A big auction day for Bo Bartlett fans
Not to be overlooked in the hullaballoo about Sunday's auction of art once owned by disgraced HealthSouth CEO Richard Scrushy is the fact that the sale represents a rare opportunity for fans of American realist artist Bo Bartlett to bid on 50 of his works.
Not to be overlooked in the hullaballoo about Sunday's auction of art once owned by disgraced HealthSouth CEO Richard Scrushy is the fact that the sale represents a rare opportunity for fans of American realist artist Bo Bartlett to bid on 50 of his works.
Bartlett, 55, who was educated at the Pennsylvania Academy of the Fine Arts and spent time in Philadelphia as a portrait artist, has many longtime admirers here who are eager for a chance to acquire his work, said Anne Henry of Freeman's Auction House, where both Bartlett and Scrushy are part of the big annual spring sale of modern and contemporary art.

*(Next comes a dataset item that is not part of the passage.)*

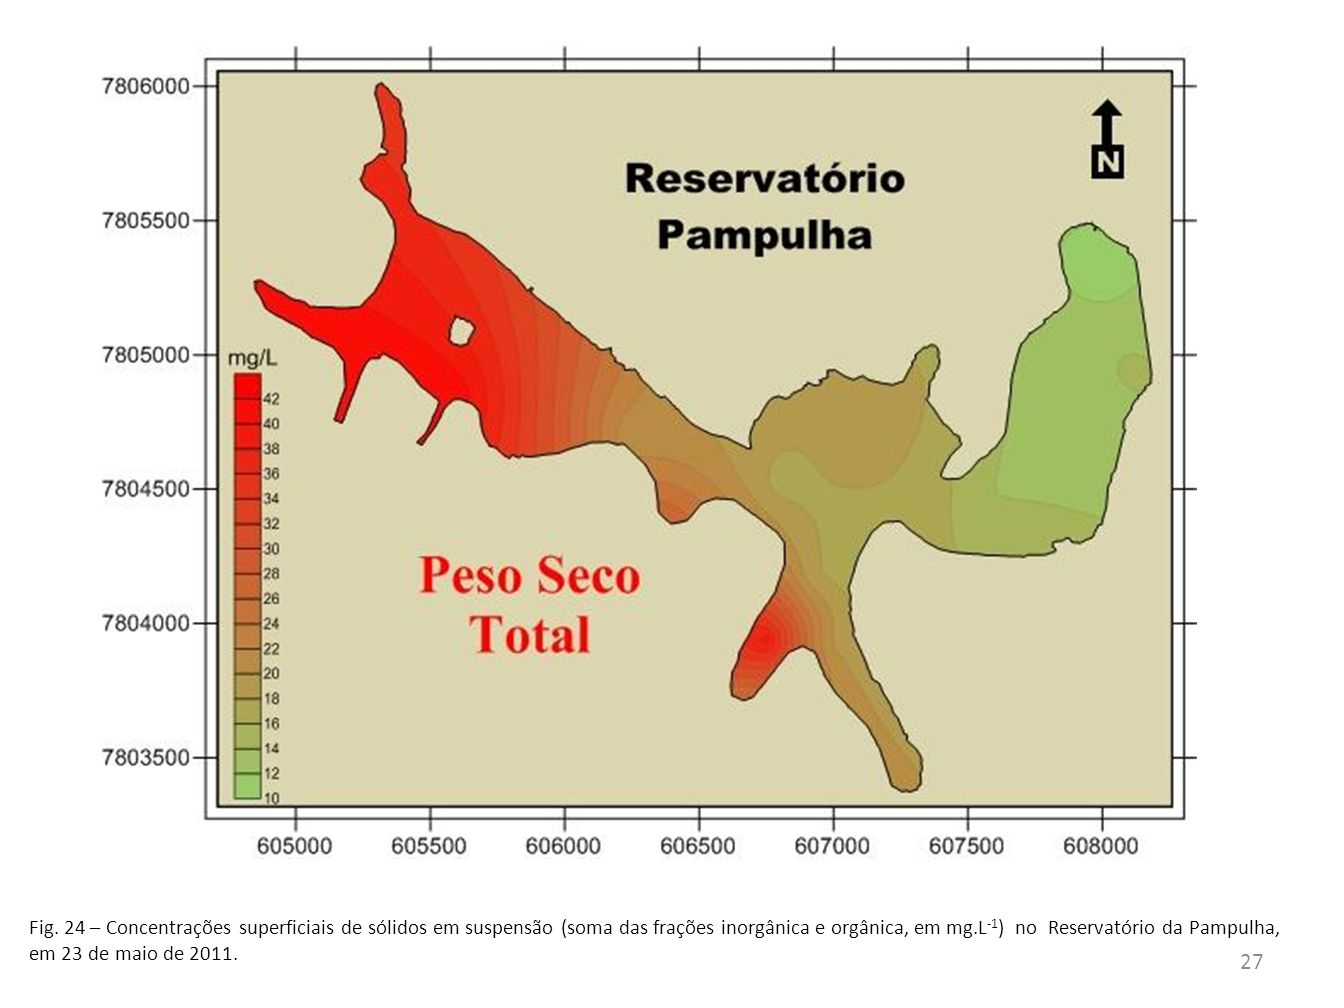 28 Fig.25 - A má gestão do lixo urbano e resíduos industriais levaram a um quadro de contaminação por metais traços (pesados) nesse ambiente (Pinto-Coelho, 2009).

The Bartletts were acquired from one person - unidentified - who has put his entire collection on the block. The work, done in classic PAFA-trained figurative style, in the tradition of Thomas Eakins and Andrew Wyeth, includes self-portraits, portraits of women, nudes, studies for larger works, gouaches or oils that, Bartlett noted in an e-mail, "were either done as studies for major paintings, or were done as quick narrative exercises painted from life." The works carry estimated values ranging from $1,000 to $15,000.

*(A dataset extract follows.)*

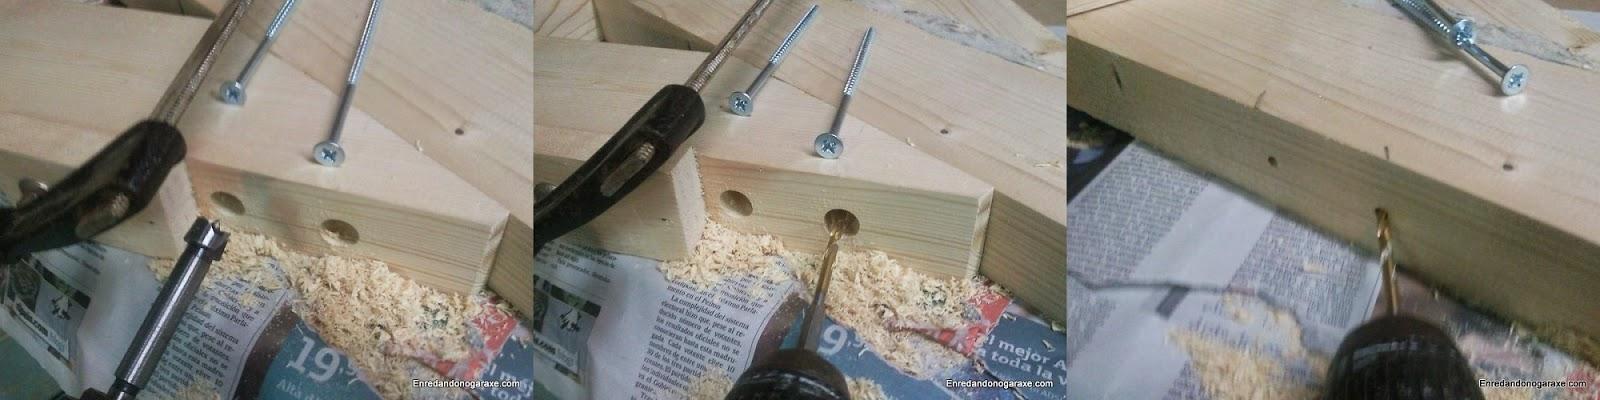 Taladrando agujeros ciegos y guía para unir los refuerzos. Enredandonogaraxe.com

Bartlett, who lives with his wife in Maine, Georgia and on an island in the Puget Sound, wrote this about the sale: "Auctions are a complicated aspect of the Art World. Auctions can effect the artists market in an artificial way for better or for worse. ... There are some very strong pieces in this body of work, including some of my all time favorite drawings ...
"Since 1981, (my first year out of the Academy) when I began showing with Marion Locks, the prices for my work have risen steadily. .... Since the downturn, most all artists prices have seen a dip in sales and paintings often sell for a percentage off or a pre-discribed discount; auctions often offer some of the biggest bargains .... An artist has little control of what happens at auctions. I love Philly and Philly has always been appreciative of my work.

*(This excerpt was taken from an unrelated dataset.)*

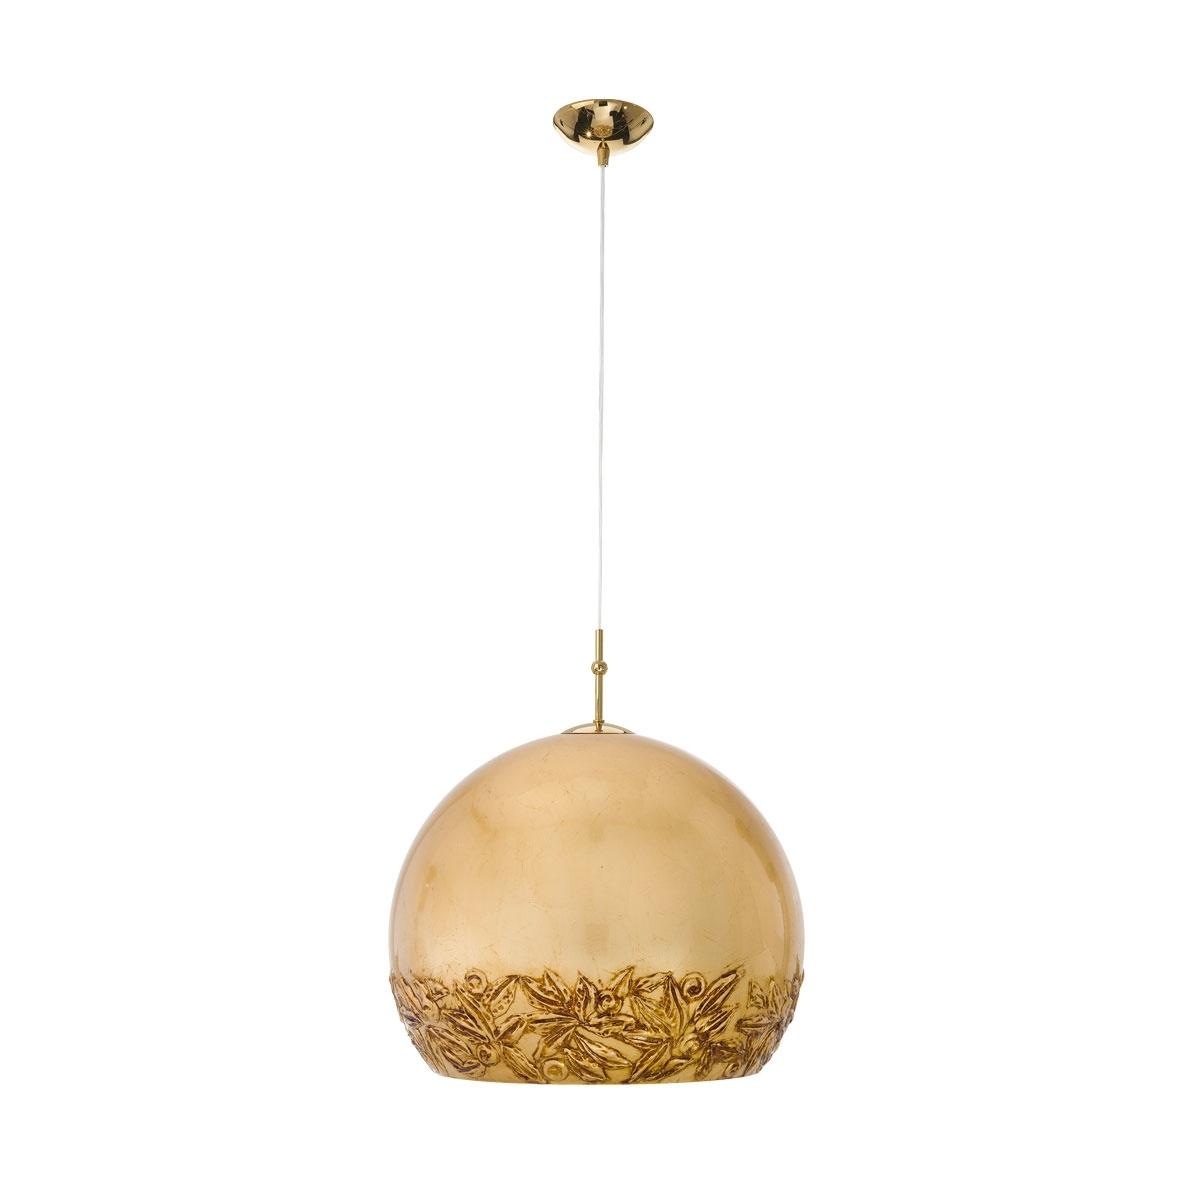 kolarz-pendelleuchte-luna-pl-gold-glas-metall-0392-31l-3-li-ga

"... Not long before his death, Andrew Wyeth said to me, 'I believe in objects.' Painters and their collectors believe in objects, they share a commonality, in their love for beauty and their placement of meaning in the aesthetic experience. I hope the auction goes well, for my work, for the collector auctioning the work, and for the many new collectors who'll be going home with a piece of my soul."